A motion to impeach Georgian President Salome Zurabishvili over her visits to European Union countries failed on October 18 as the ruling Georgian Dream party could not gather enough votes to remove her from office.
At least 100 votes in the 150-member legislature were needed to impeach Zurabishvili, but only 86 lawmakers supported the motion to oust her over her visits to EU countries and talks with EU leaders without government consent, which the country's Constitutional Court said was not allowed under the constitution.
But Zurabishvili said during debate in the parliament on the motion that she "did not violate neither the essence nor the spirit of the constitution."
"With this impeachment process you are insulting not only me, and not me at all, but [European] leaders and pushing the country toward isolation," she said.
The drive to impeach Zurabishvili has been led by the ruling Georgian Dream and its leader, Irakli Kobakhidze.
During the debate on October 18, he accused Zurabishvili of working "against the vital interests of the country" and said that she "does not deserve" to be president.
Kobakhidze had called on Zurabishvili to resign regardless of the result of the vote.
But the president, who has butted heads with the government on several occasions even though her post is seen as largely ceremonial, has refused to step down and called the party's bid to oust her "an attempt to kill Georgia's European future and democracy."
"The country in which the balance between different branches of power no longer exists cannot be called a democracy," she said earlier this week in a televised address.
The parliamentary debate follows a ruling by Georgia's Constitutional Court that Zurabishvili violated the constitution by traveling to EU countries without government consent.
The decision, announced on October 16, was supported by six out of nine judges who said "that during her working foreign visits on August 31, September 1, and September 6, Georgian President Salome Zurabishvili exercised representative powers and authority in the area of international relations without the Georgian government's consent."
Three judges issued a dissenting opinion, saying their colleagues had misinterpreted the constitutional rights of the president.
Georgia's constitution forbids the president from getting involved in the country's foreign relations without the agreement of the government.
Zurabishvili traveled to Paris, Berlin, and Brussels to promote Georgia's European Union candidacy -- the country applied for EU membership in March 2022, but it has not been granted candidate status yet -- and met with leaders of France, Germany, and the 27-member bloc.
Kobakhidze claimed the court ruling was a victory as it showed the president needs government approval to meet foreign leaders visiting Georgia or even to travel to another country for personal reasons.

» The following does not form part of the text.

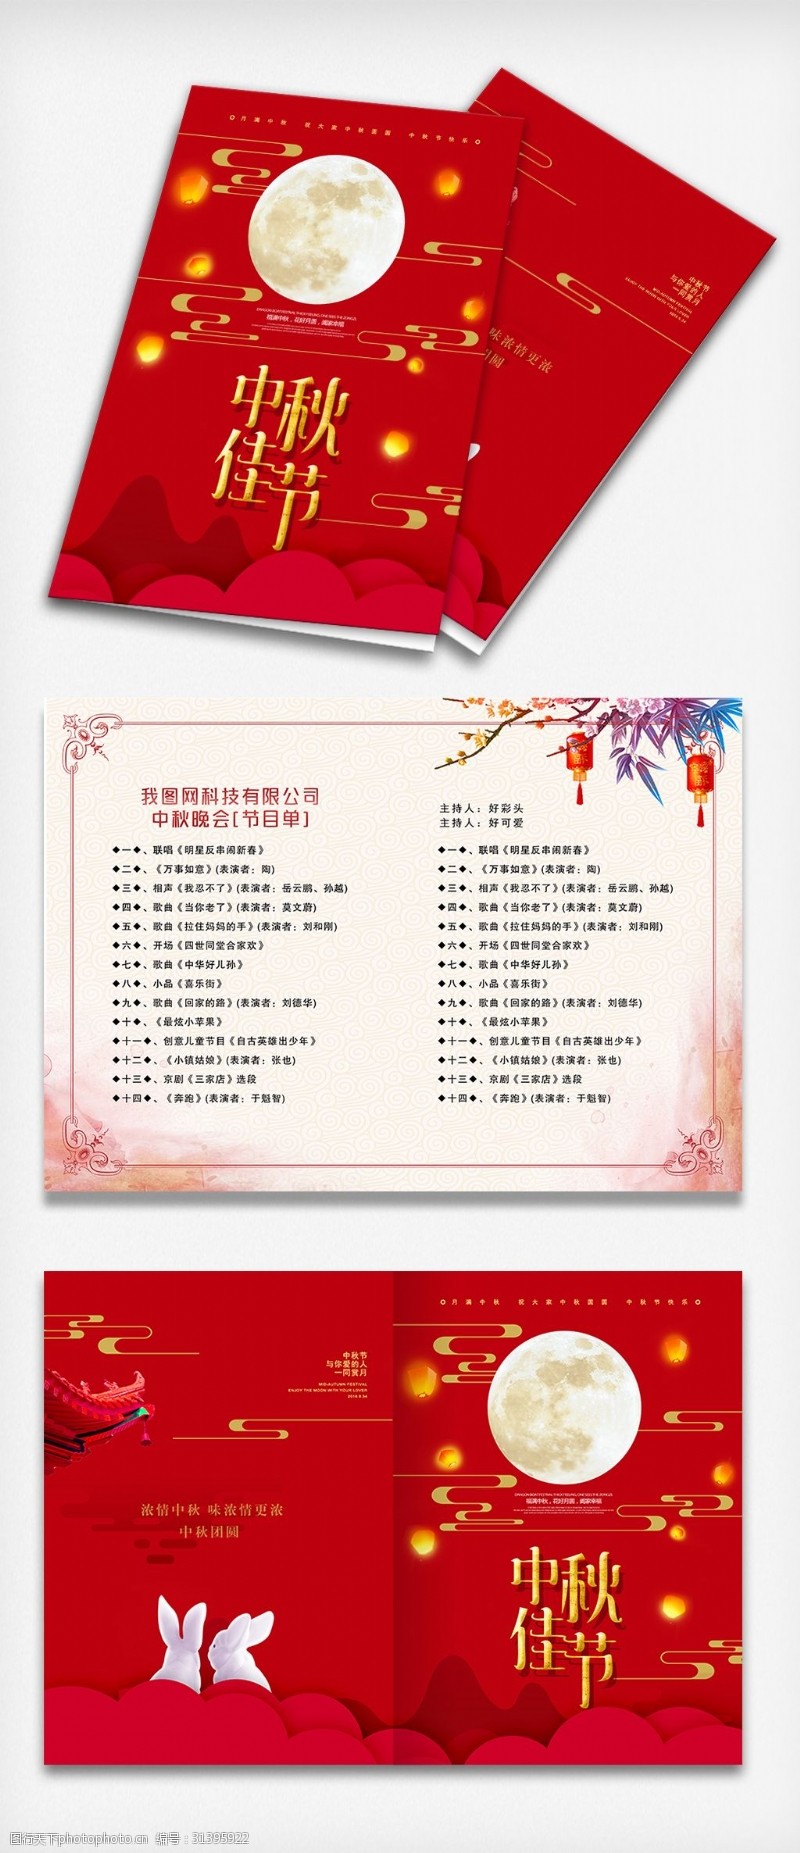 节目单素材下载中秋节红色大气简洁晚会节目单

But Maya Kopaleshvili, a former Constitutional Court judge and lawyer for Zurabishvili in the case, said the president can still meet leaders of foreign countries without the government’s permission if this does not represent or result in a change in the country’s foreign policy.

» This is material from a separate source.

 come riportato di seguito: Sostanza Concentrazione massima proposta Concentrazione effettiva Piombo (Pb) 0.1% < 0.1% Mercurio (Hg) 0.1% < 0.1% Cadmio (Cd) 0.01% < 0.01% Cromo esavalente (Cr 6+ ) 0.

The motion for Zurabishvili’s impeachment comes as her popularity rises for her strongly pro-Western and pro-Ukrainian views amid opposition to some of the ruling party’s controversial decisions.
Among them was proposing a controversial “foreign agent” law -- which Zurabishvili said would bring Georgia “closer to the flawed Russian model and not to the European model” -- that sparked protests, forcing the party to back down.

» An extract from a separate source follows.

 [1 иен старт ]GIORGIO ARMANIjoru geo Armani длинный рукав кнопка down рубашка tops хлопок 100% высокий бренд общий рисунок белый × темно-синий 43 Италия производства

Georgia applied for EU membership shortly after Russia's 2022 invasion of Ukraine, along with Ukraine and Moldova. While those two latter countries were awarded candidate status in June 2022, Georgia was instead given an EU “perspective” and a list of reforms it should implement.
In addition to tackling political polarization and other issues, the European Commission has recommended that Georgia address judicial reform as well as increase efforts to fight against corruption and organized crime.
In October, the EU will decide -- based on its perception of the progress Georgia has made on those reforms -- whether to award it candidate status.